По вечерам, когда спускались сумерки, и по утрам, проснувшись, я смотрел в окно и думал о маме. Мама приходила часто, но ненадолго. Я плохо понимал разговоры взрослых, каким-то размытым фоном во время коротких свиданий служили мамины слова о том, что следствие заканчивается и скоро будет передано в суд, что очень важным свидетелем защиты будет некая доброжелательная старуха Сапегина, которая должна подтвердить мамино происхождение из русской семьи и чуть ли не свое присутствие на маминых крестинах. Казалось бы, слова скользили по краю сознания, а застряли в памяти на семьдесят лет.

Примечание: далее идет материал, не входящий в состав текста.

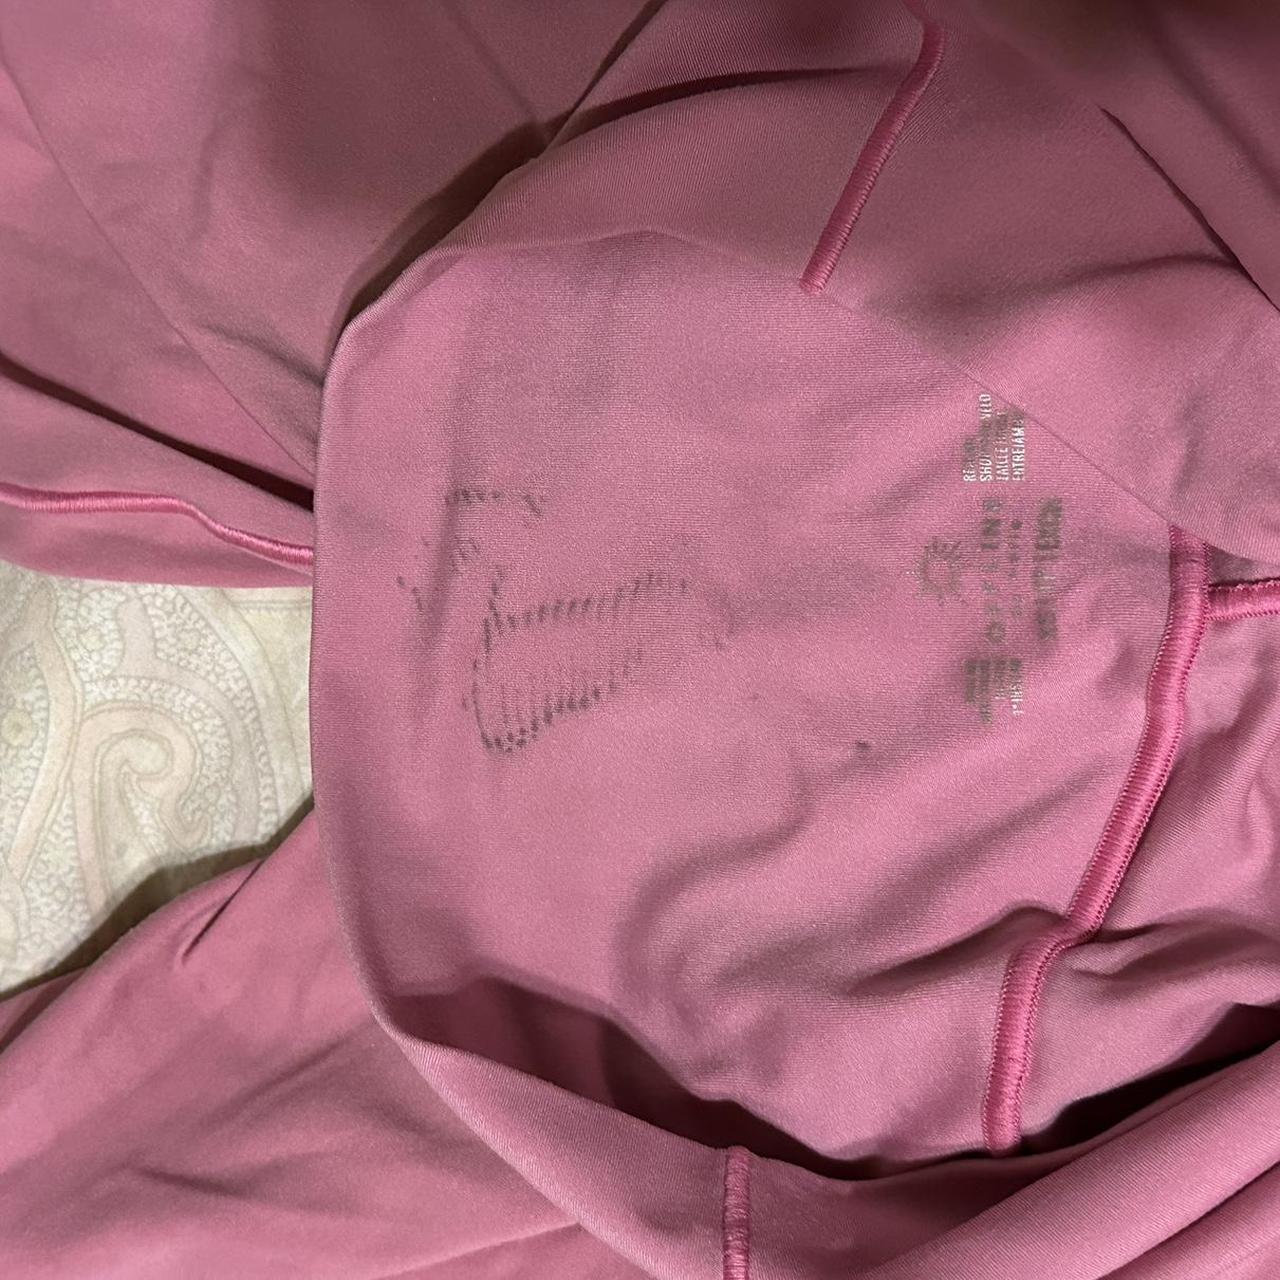 Aerie offline hot pink biker shorts Size XS slight... - Depop

Между тем весна уже вовсю хозяйничала в городе, дни стояли майские, теплые, деревья покрылись нежной зеленой листвой, небо очистилось от зимних туч и поголубело. Однажды мама пришла днем, когда я играл в футбол с ребятами во дворе. Она поднялась в квартиру, потом вышла и остановилась в дверях подъезда.
– Мишенька, – позвала мама.
– Мама, потом, – закричал я на бегу, – мы же играем!
Мама стояла и смотрела. В азарте игры я искоса посматривал на нее, стараясь показаться молодцом. Мама улыбалась доброй, немного грустной улыбкой. Потом она помахала мне рукой и медленно, не оглядываясь, пошла в подворотню. Такой я и запомнил ее навсегда: стройная красивая женщина с грустным лицом в темной прямоугольной рамке дверного проема в подъезде, выходящем в мрачноватую длинную подворотню.
На следующий день, когда семья собиралась к обеду, примчалась Мария Михайловна. Входя в столовую, я услышал конец ее рассказа – фразу на дурном французском языке:
– Адвокат сказал: «O madame, tresmal, tresmal, madame Baranoffsky mort».